When you’re making decisions together, aim for ones that are OK for both of you – especially decisions about parenting. As parents, it’s important to be on the same page, but you might find that agreeing on things like routines, discipline and bedtimes takes some teamwork.
Closeness!
Simple things like asking your partner about the day (‘What was good?’, ‘What wasn’t so good?’) can help you keep in touch.
Small gestures that show your partner that you care can also do the trick. This might be just a cup of tea or offering your partner a sleep-in when tiredness sets in. For years my daughter would get up at around 5am, so I would sleep in on Saturdays and my wife on a Sunday. Sometimes she would look really beat and I would give her the both days on the weekend, and another time she would give me both when it worked. Have each others back to get rest, you will need it.
Make some ‘couple’ time
Making some time to spend together as a couple can give you both the opportunity to talk, reconnect, enjoy each other’s company and nurture your relationship. This will take effort, in planning and energy to engage with one another. It is so easy to start to lead different lives, go to bed separately and be zombies on little sleep and not connect anymore.
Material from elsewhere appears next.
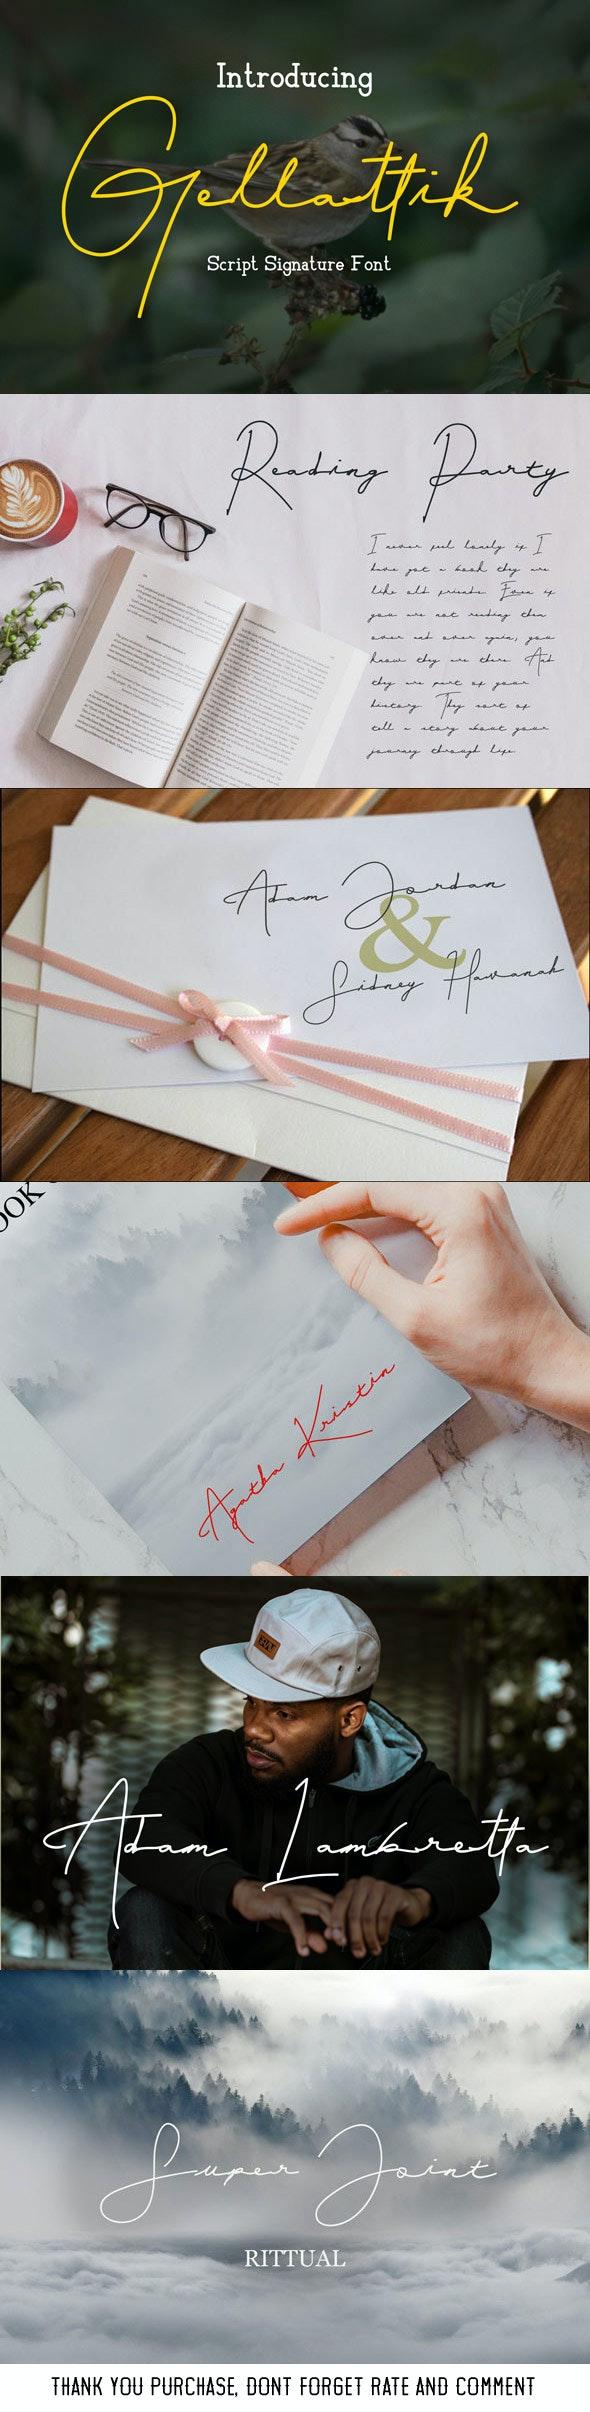 Gellattik - Script Signature Font - Hand-writing Script

Some key things to invest time in:
- organise a babysitter and go out somewhere you both enjoy during the day or in the evening – it could be for a meal, a walk or a movie, once a month or 6 weeks is a good timeframe that will come around quickly and is very important.
- make time to do something special together at home – for example, a special dinner or a DVD after your children have gone to bed.
- think about what you liked to do before you became parents and work out how you could make it happen again – even if you do it a bit differently now.
If you plan ahead for these activities, they’re more likely to happen. It also gives you something to look forward to.
Having a sex life!
Believe it or not, most couples do get their sexual relationship back on track eventually. Putting more time into talking and spending time together can make you feel closer, and this helps your sex life.
If you’re feeling too tired or too distracted to even think about sex, try talking to your partner about how you feel. Just like time together, sex might also need a bit of scheduling. This is the awkward one, but honestly you will need to do this and feels like sometimes it's not right to do this, but making peace with this will help you keep your sex life moving. You won't have the opportunity to act on your urges as in the past. Committing to this with each other avoids rejection when one partner is moving towards another, and there will always be tiredness and this can cause issues when rejection starts happening. Just plan, it's ok, you'll be so much better for it.
You're relationship can really blossom and the grind of early childhood can be a miracle for your relationship growth.